• [PROBLEM STATEMENT]: The whole listing below should be printed again exactly, with no images.

──────── DATA SEGMENT ────────

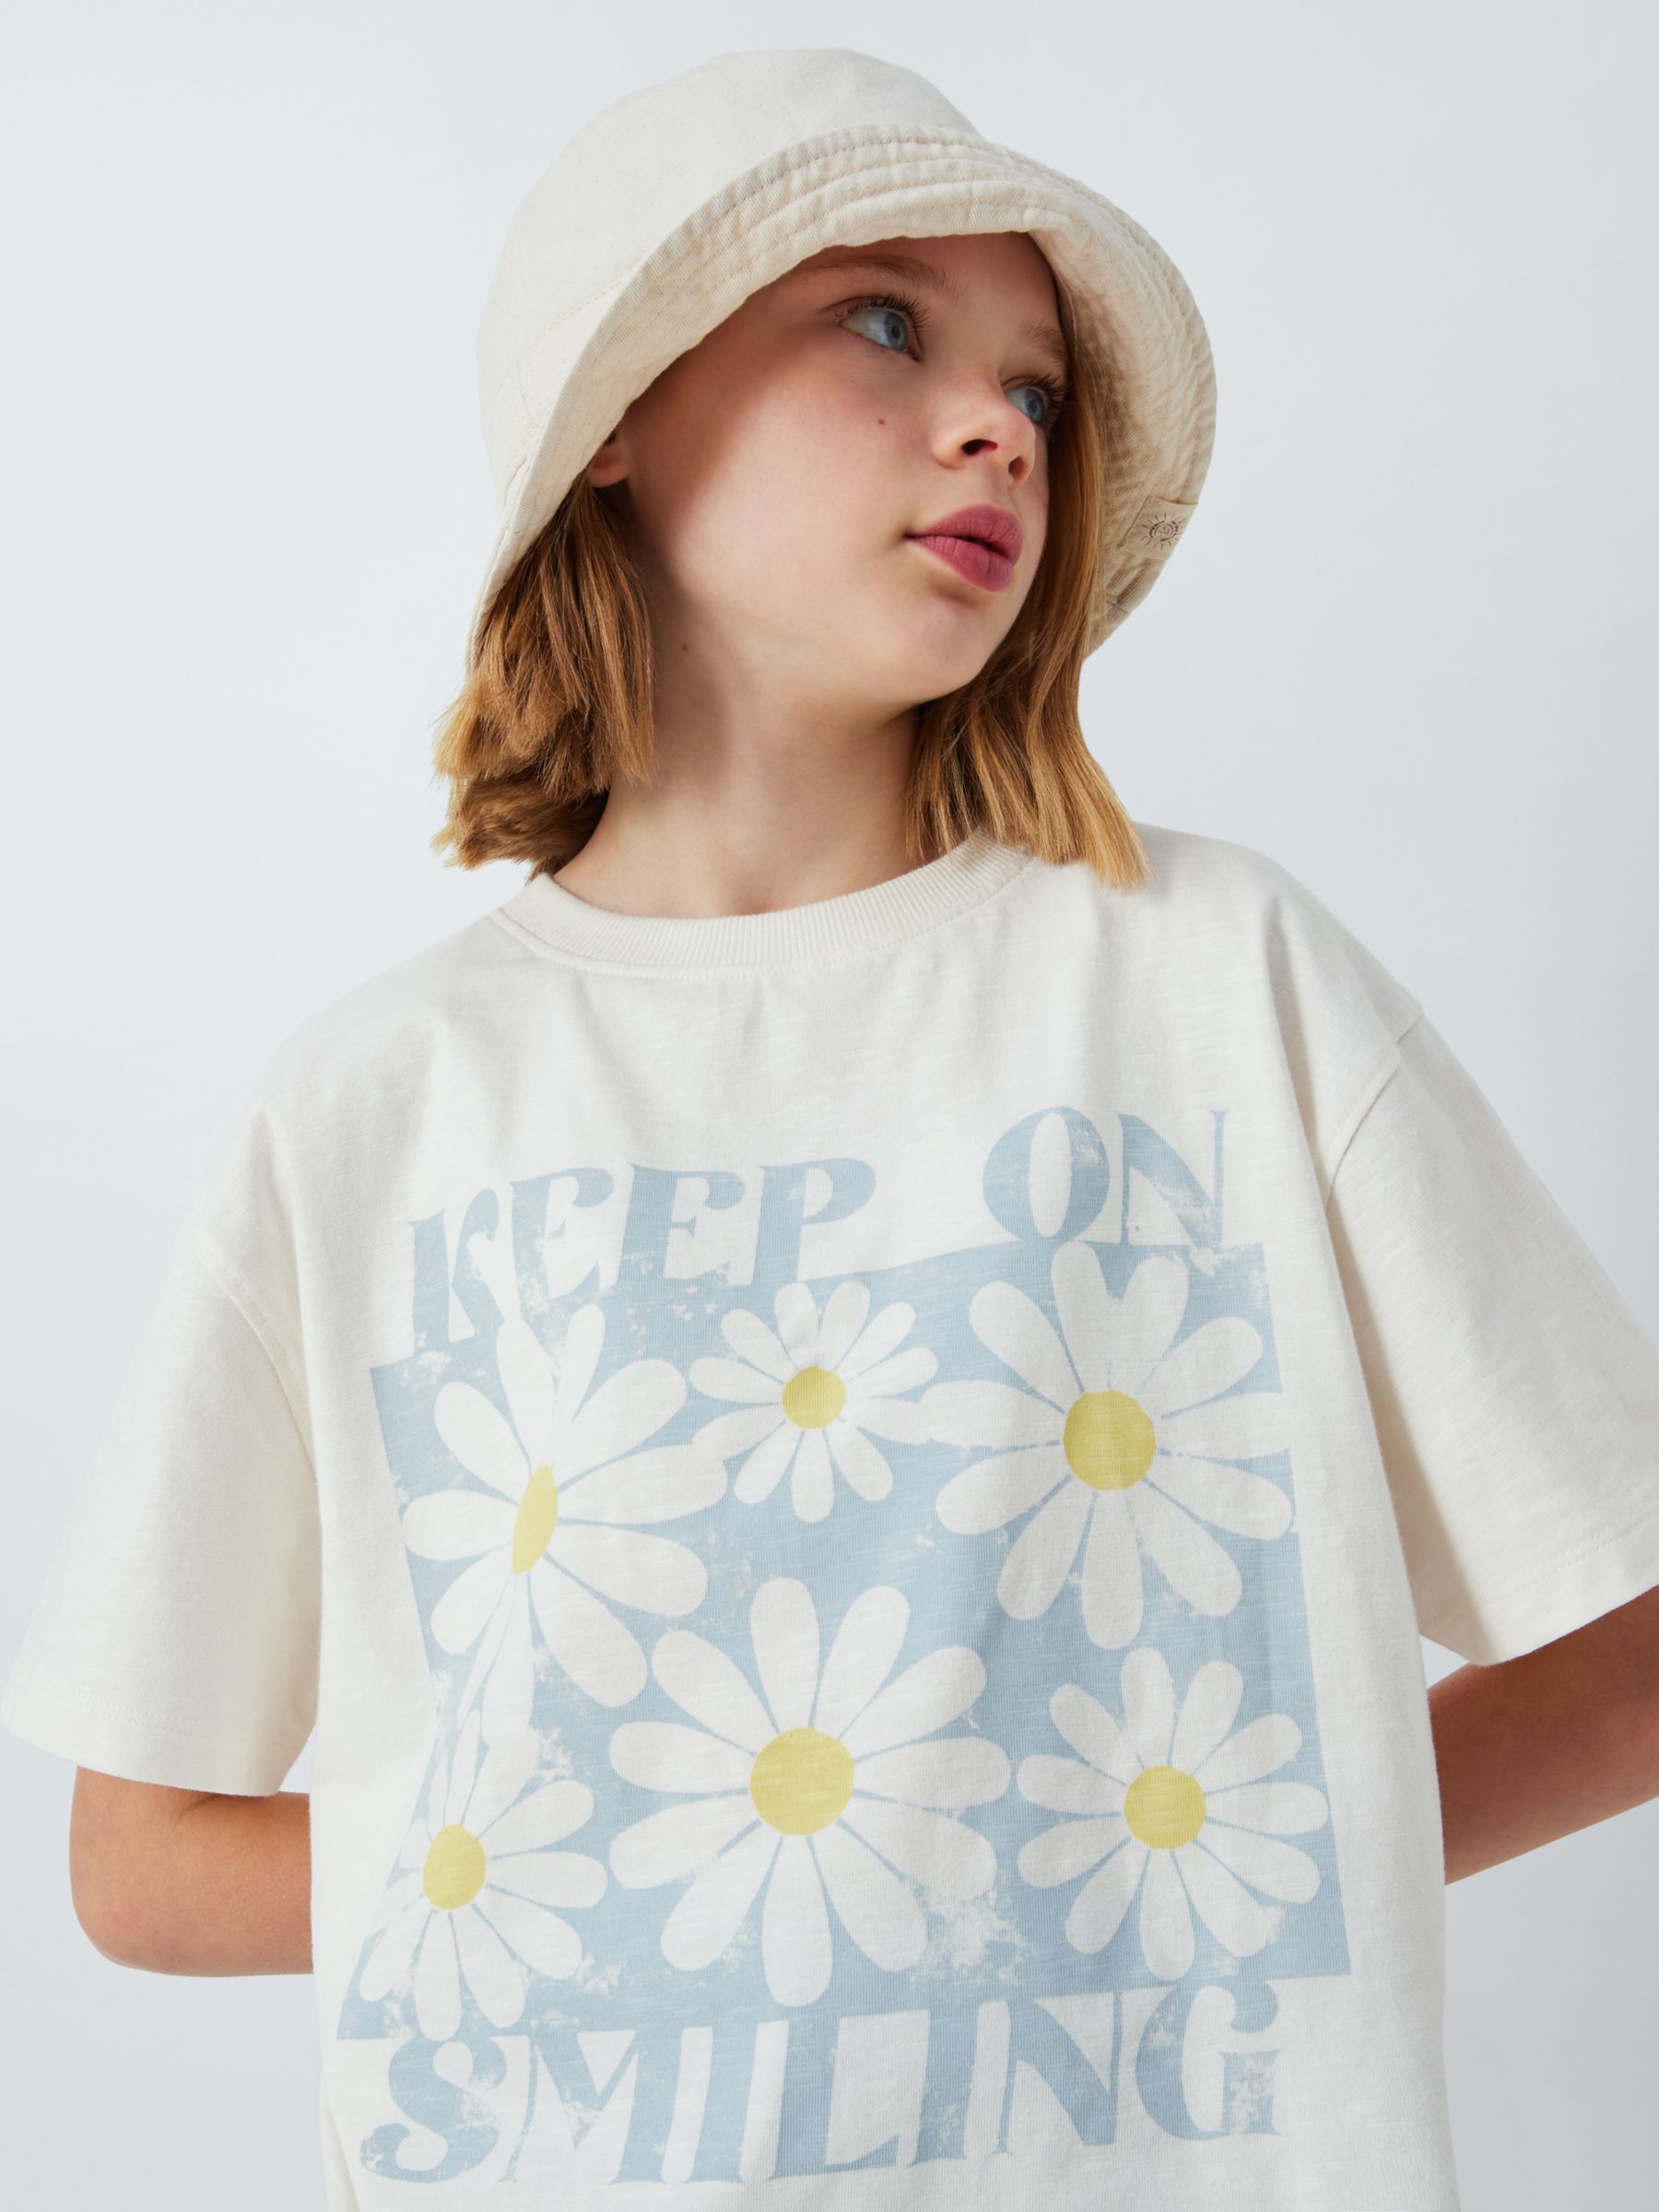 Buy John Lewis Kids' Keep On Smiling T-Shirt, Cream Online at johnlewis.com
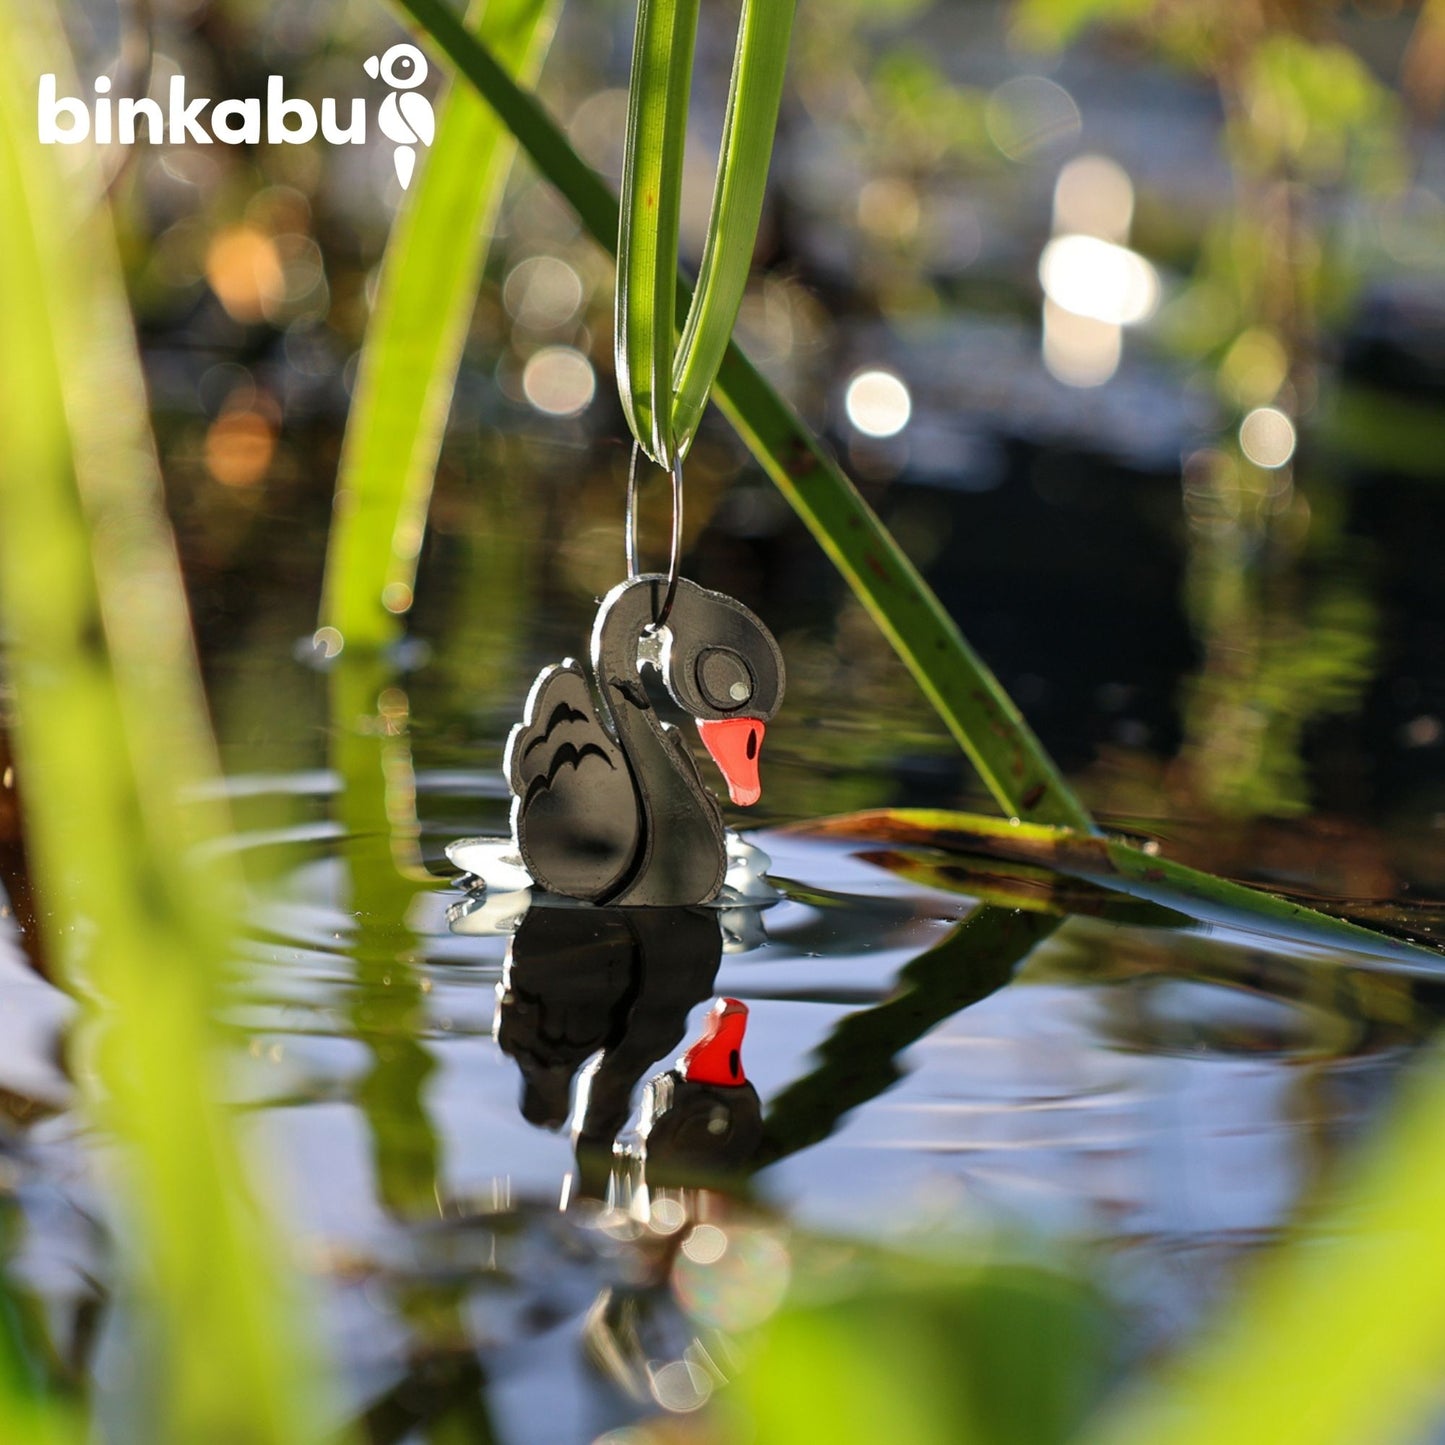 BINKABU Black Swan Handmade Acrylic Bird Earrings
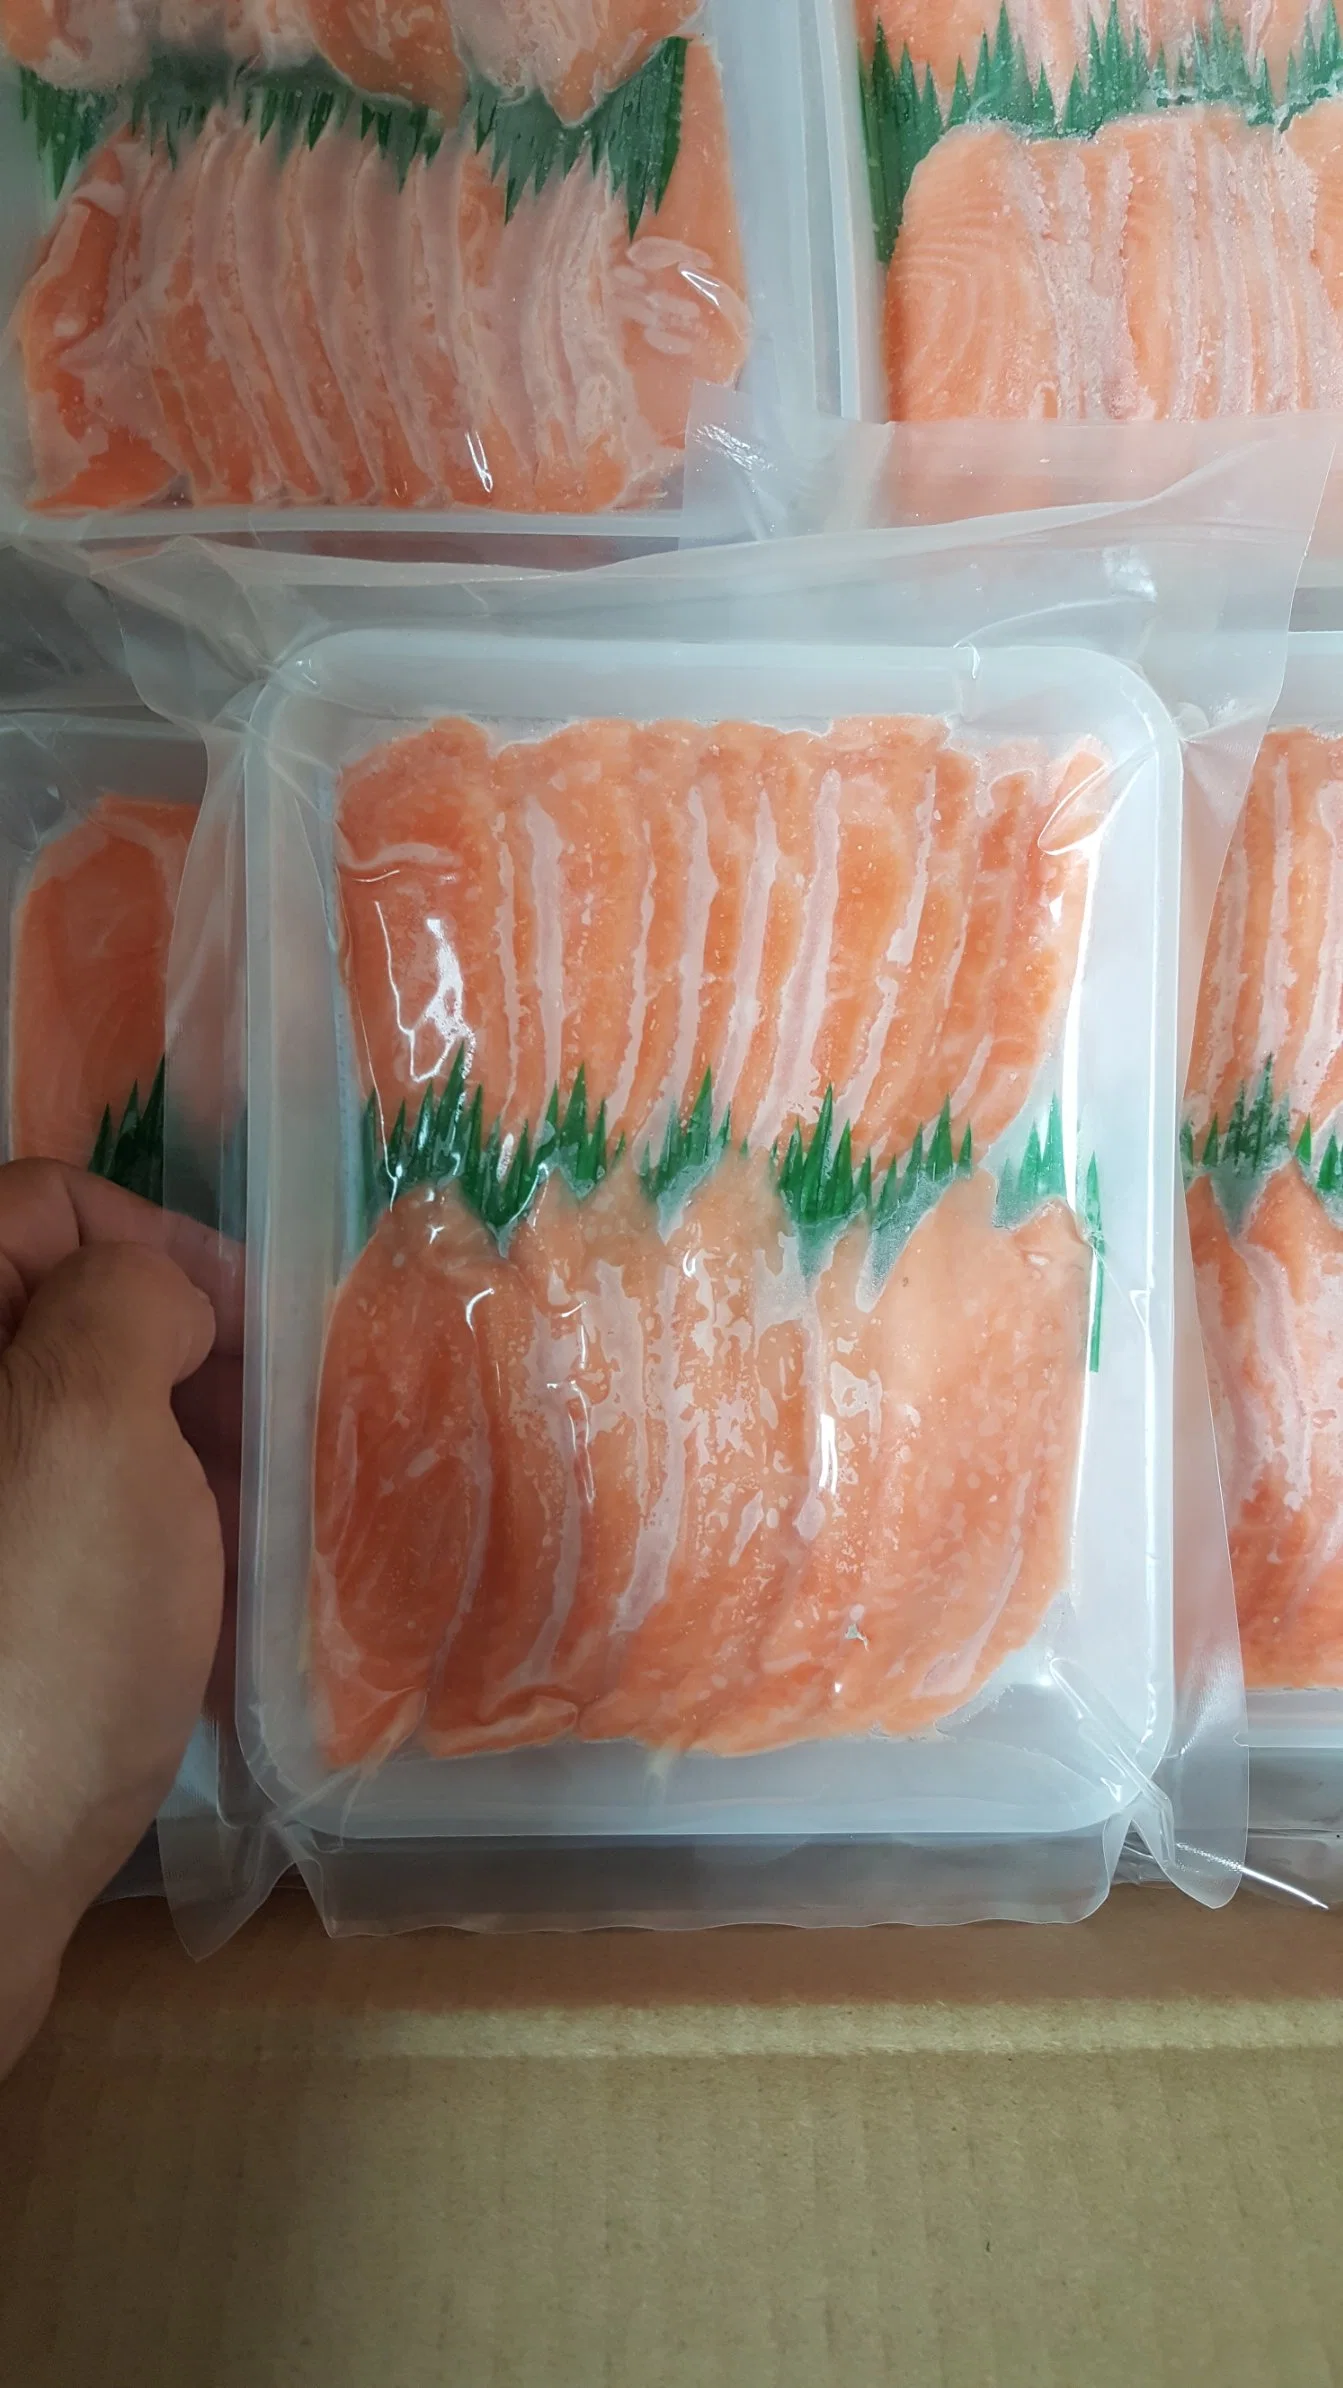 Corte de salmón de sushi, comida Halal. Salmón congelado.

────────

• [EXERCISE RESPONSE]:
 Buy John Lewis Kids' Keep On Smiling T-Shirt, Cream Online at johnlewis.com
 BINKABU Black Swan Handmade Acrylic Bird Earrings
 Corte de salmón de sushi, comida Halal. Salmón congelado.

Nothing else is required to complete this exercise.